# Can a home iron be used with hotfix rhinestones?



## artswear (Jun 20, 2011)

I've only used a heat press to apply rhinestone transfers, but I was wondering if a home iron be used? I was under the impression that it wasn't recommended, however, a google search of rhinestone transfers yields confusing answers. Some sellers state that the transfers can ONLY be applied using a heat press, while others offer home iron-on instructions. Generic transfers, alphabet letters and the like, are for sale in craft stores where most buyers, one would assume, don't own a heat press. Perhaps its related to the overall size of the design? For example if it fits under an iron, then it's pressable? Any thoughts?


----------



## HQCPSpecialTs (Sep 27, 2013)

I have never attempted it, but I would not try it myself. With a heat press you are getting heat from both sides and even pressure. That's not exactly possible with an iron. I have a feeling they would stick, but then many would fall off with the first wash.


----------



## Dragon Slayer (Aug 19, 2013)

I have used an iron a few times. The results are achievable but not consistent. Some say not to use an ironing board and that I do agree. Some say use a piece of plywood. I had zero success with that. What worked best for me was to place a small pillow inside the shirt and with the iron on wool setting press the stones on your shirt with a Teflon sheet between the iron and your transfer. Press for a minimum of 40 sec on each section of the design pressing really hard. Be prepared to go over the same sections a few times due to some of the stones ending up in the steam holes of the iron and getting an insufficient pressing. It takes much patience and perseverance but it can be done.


----------



## charles95405 (Feb 1, 2007)

can an iron be used to press rhinestones...absolutely
will you get consistent commercial quality...probably not
because
you can not get consistent temp
you will not get even pressure for prescribed time

if you want to do small images...a hat press is ideal


----------



## best26102 (Sep 29, 2013)

yes it can ... set on the highest setting NO STEAM !! and just set it on each area for 20 seconds not pressing so the pressure across the entire design will be consistent.


----------



## CassnJohn (Nov 14, 2013)

I have found when you buy some rhinestones they might say they can be applied using home iron. I tried all the tricks using my iron and yes most of the rhinestones stuck but a few would fall off here and there. Not something you want to happen if you are trying to make a good quality item....


----------



## BlingItOn (May 29, 2008)

I say yes that it can be done. Is it faster than using a heat press....No.....but you can successfully apply a rhinestone transfer with a iron. I sell thousands of rhinestone transfers a year and the majority of my customers apply their design with a household iron. In the 7 years I have been selling transfers I have rarely ever had anyone contact me and tell me that they lost rhinestones after applying the design themselves with their home iron. I did it myself for a couple of years before I got my heat press and I still have shirts that have not lost any rhinestones. 

I tell my customers:

Cotton setting with steam turned off. Iron on a hard surface. Use thin single ply cloth or piece of paper towel to place over the transfer. Apply firm pressure for approx. 30 seconds. If you have steam holes you should pick up and reposition the iron 1/2 way through. Leave tape over the design and turn inside out. Iron backside for additional 5-10 seconds. Let cool completely and then remove transfer tape.


----------



## rena PEAK (Oct 22, 2011)

Yes it can be done with home iron but no steam.


----------



## vikylobe (May 30, 2013)

rena PEAK said:


> Yes it can be done with home iron but no steam.

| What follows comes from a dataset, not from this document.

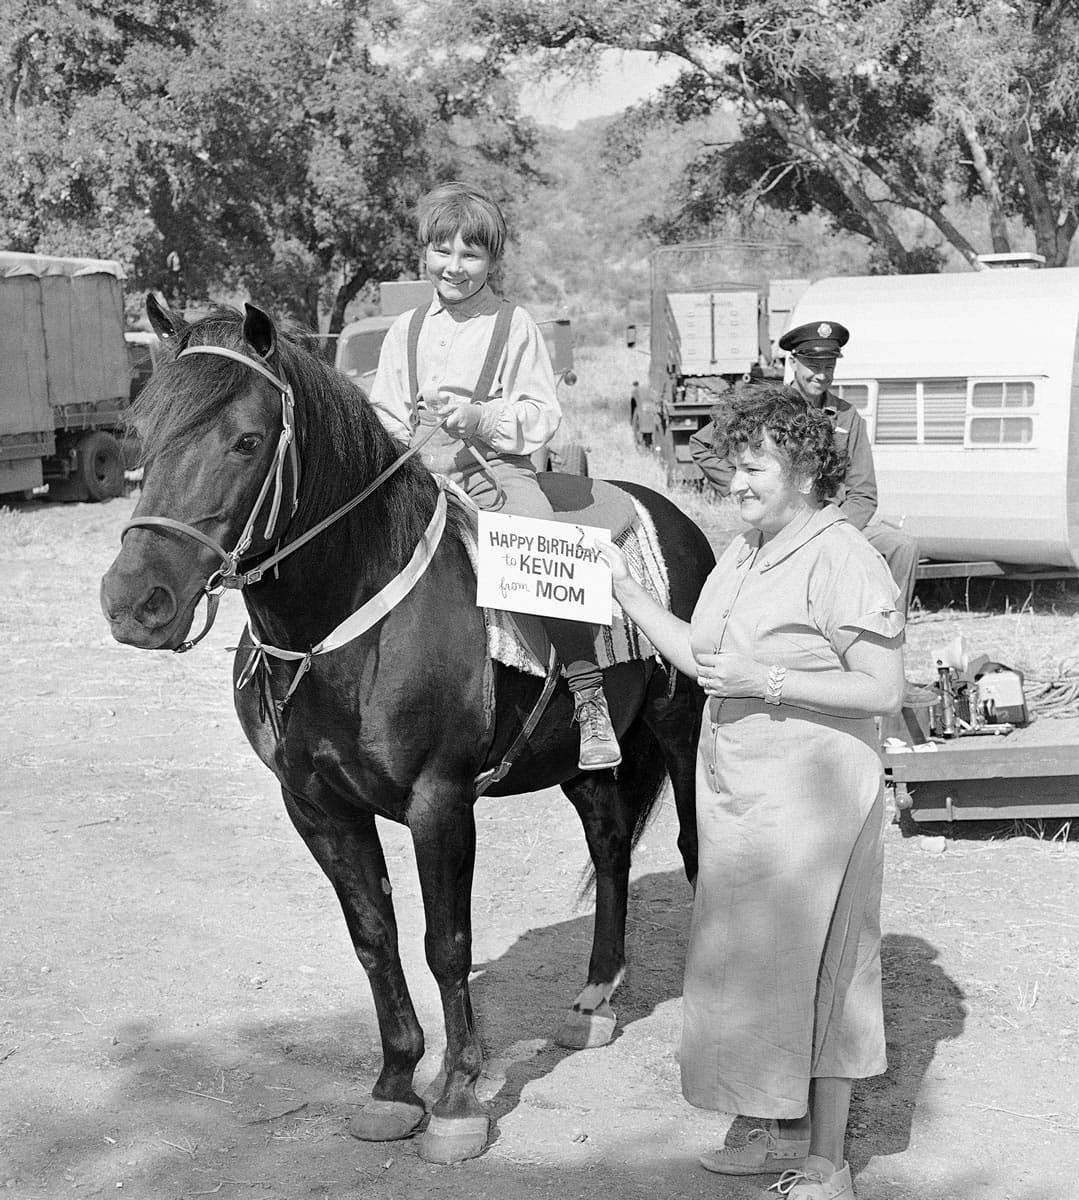 Ten-year-old Kevin Corcoran tries out his birthday present on June 10, 1959, at a party during the filming of &quot;Toby Tyler.&quot; The horse was a gift from his mother.

This is very accurate. Steam iron ruins the rhinestone design.


----------



## Anomoley (Dec 15, 2013)

I agree with everyone who says that while it can be done, your results will be inconsistent. Too many variables, between pressure, the steam holes, even temperature variables... in a pinch, it will work -- but I have yet to make this happen and have every rhinestone adhere to actually stay in place over the long-term.


----------



## Rockie1 (Dec 11, 2013)

I do it as if I am using the hot fix rhinestones. I just use the little flat iron attachment on my rhinestone wand. More tedious but I feel safer than moving an iron around and I can make sure each section is attached before I move on.


----------



## rubyred (Aug 22, 2007)

When I first started out I used a "dry iron" which has no steam holes in the soleplate. Bought mine at the Vermont Country Store. Worked great!


----------



## artswear (Jun 20, 2011)

Thanks everyone for your great input. Judging from the responses, it sounds like there is no definitive answer, and trial and error is the way to go. I have always used a hotronix commercial press for the transfers I make, however, I was in a craft store one day and noticed quite a few rhinestone transfers for sale. One would assume that the people buying them are not going home to a commercial press. Since I've been in this business I have been told only to use a commercial press, and so I wondered if maybe the retail transfers used a different type of stone or if there was a trick I wasn't aware of. Also, if a home iron can be used, it can open up a whole new customer potential.


----------



## shayne0307 (May 18, 2011)

artswear said:


> Thanks everyone for your great input. Judging from the responses, it sounds like there is no definitive answer, and trial and error is the way to go. I have always used a hotronix commercial press for the transfers I make, however, I was in a craft store one day and noticed quite a few rhinestone transfers for sale. One would assume that the people buying them are not going home to a commercial press. Since I've been in this business I have been told only to use a commercial press, and so I wondered if maybe the retail transfers used a different type of stone or if there was a trick I wasn't aware of. Also, if a home iron can be used, it can open up a whole new customer potential.


 No, it is the same stones, maybe even lower quality then some of us use. The iron will work, but not for a professional. It will take quite a bit of time and also the difference between me doing something for myself at home and purchasing something from someone else are comletely different. If I purchase a transfer from the store and use my iron to apply it and it falls apart; oh well my loss and I keep it moving. Now, if I purchased the item from someone else and even just one stone comes off, I will not be happy.....and most may want their money back or even worse for a business, give negative reviews. So if you are looking to do this as a business, no matter how small, using a home iron is certainly not your best option nor is it a good way to start. You may end up with a bad rep before your feet hit the floor.


----------